Loss of muscle tissue tone may also introduce problems with frequent urination and/or urinary incontinence.
Changes in sexual function
During perimenopause, sexual arousal may decline.
Medical professionals debate the true cause of lessened interest in sexual activity in the aging female.
Some researchers believe hormonal change is the underlying culprit.
Other researchers contend that testosterone more so than estrogen is the “aggressive” hormone that ignites desire.
These researchers theorize self-perception, attitude, and other mental aspects have more to do with libido changes than do estrogen declines.

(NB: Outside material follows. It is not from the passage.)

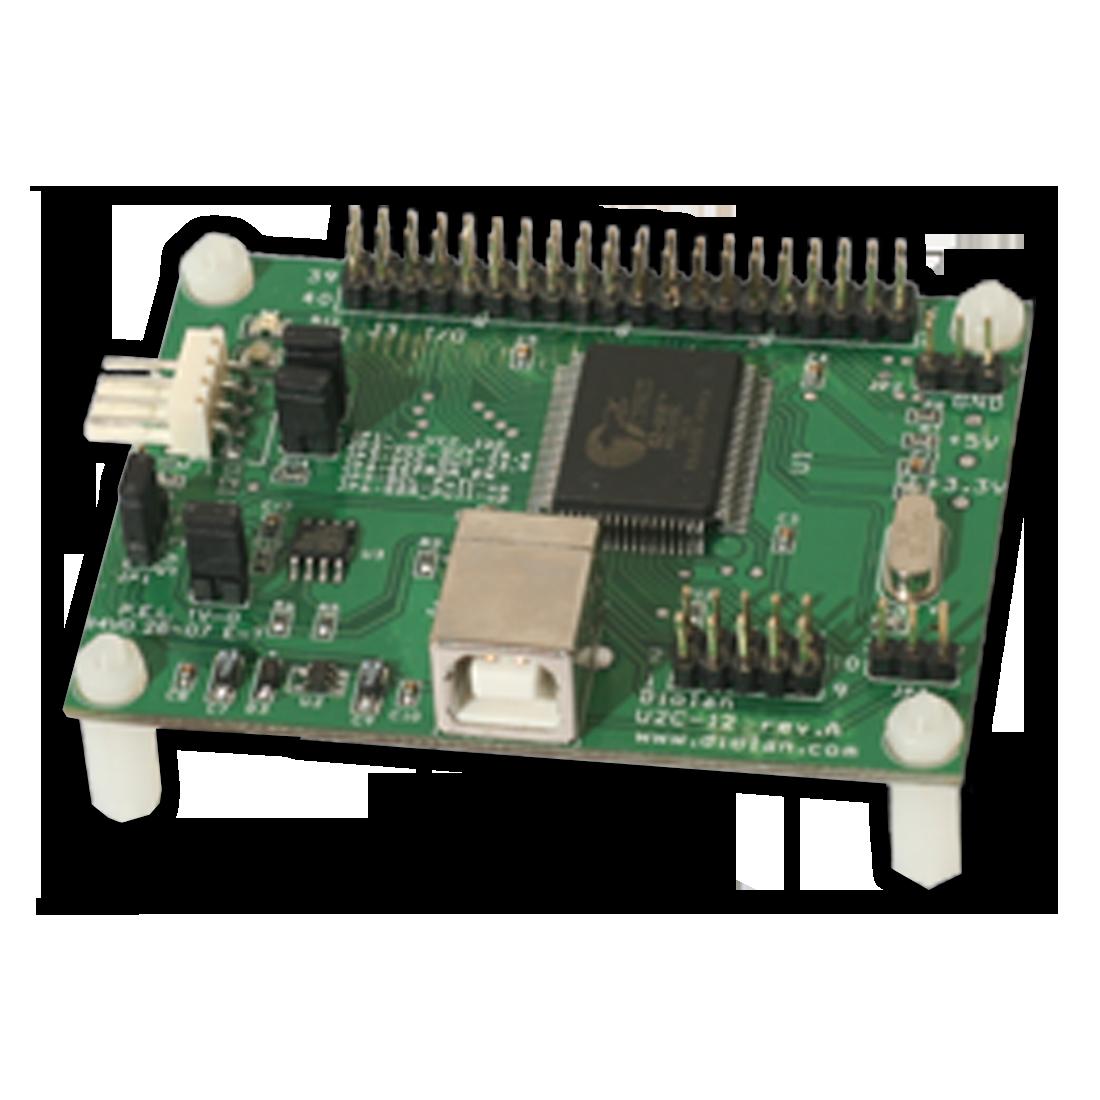 USB-I2C/SPI/GPIO Adapter

This latter group of researchers point to studies that reveal women with active and healthy sex lives prior to the perimenopausal years, usually continue to be sexually active even after menopause.
Loss of bone
Although both men and women suffer from bone loss with age, women are more prone to osteoporosis.
The rate of bone loss is proportional to the decline of estrogen in women. It is for this reason you will see so many advertisements for Calcium and Vitamin D aimed at women.

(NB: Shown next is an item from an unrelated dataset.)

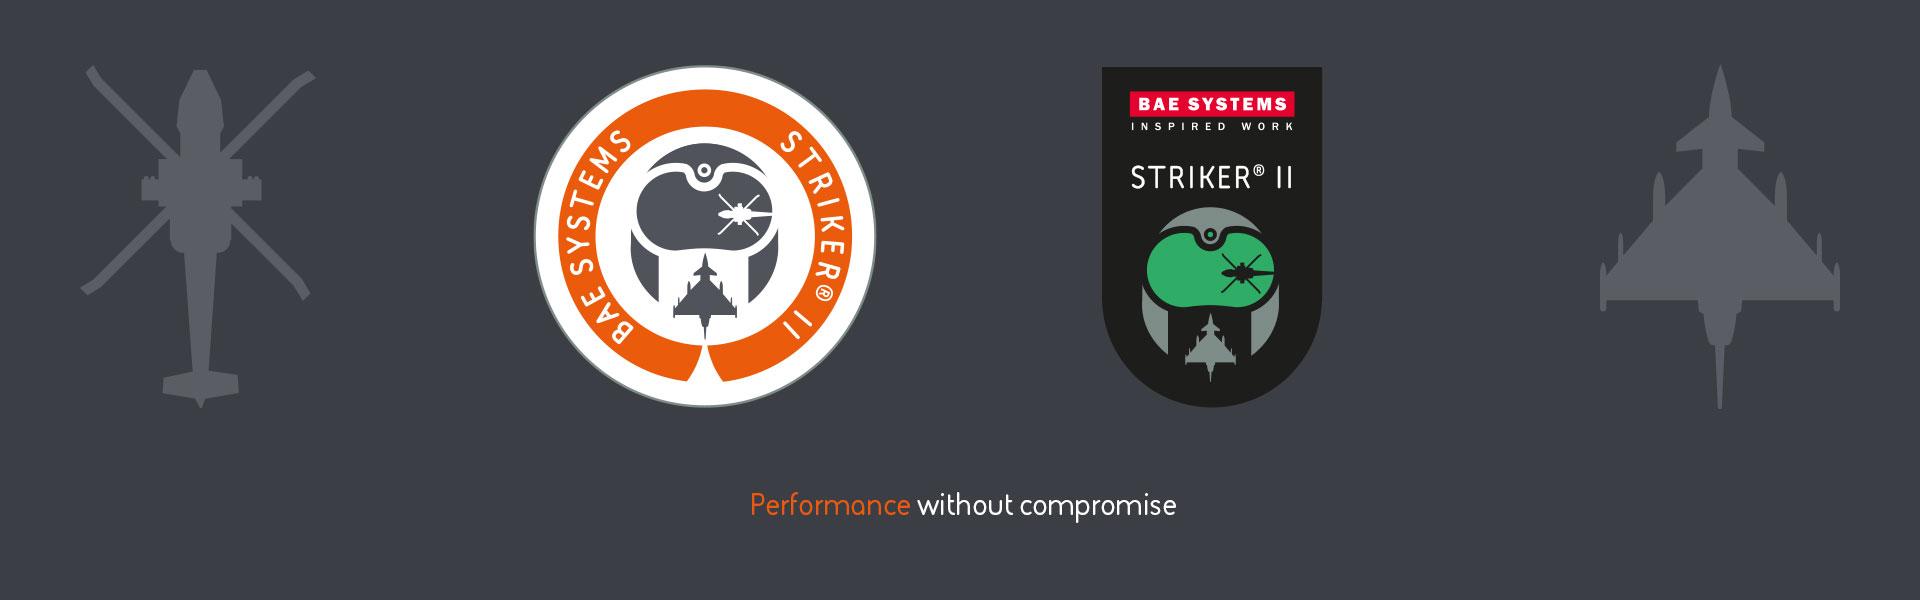 Glendale Creative BAE Striker Pack Patch Design

Changing cholesterol levels
Although not commonly known, the decline of estrogen can also change the relative ratios of blood cholesterol levels.
With lower estrogen, it is common to see an increase in the un-healthy low-density lipoproteins (LDL).
Likewise, the healthy high-density lipoproteins (HDL) levels often decrease.
This change helps to explain why heart attack becomes more common in older women.
When younger, men tend to demonstrate a statistically higher rate of heart disease and strokes than women of the same age.
After menopause, there is less discrimination in the frequency of cardiovascular illness between older men and women.
As is the case with males, some females look to hormone replacement therapy in later life.
Although a full discussion of Hormone Replacement Therapy (HRT)
is worthy of its own book, there are a few things worth mentioning here.
In the past, HRT received a bad reputation for increasing the incidence of certain health issues. During this time, hormones were often introduced into the body at excessive levels, or in improper ratios to other compounds like aromatizing agents.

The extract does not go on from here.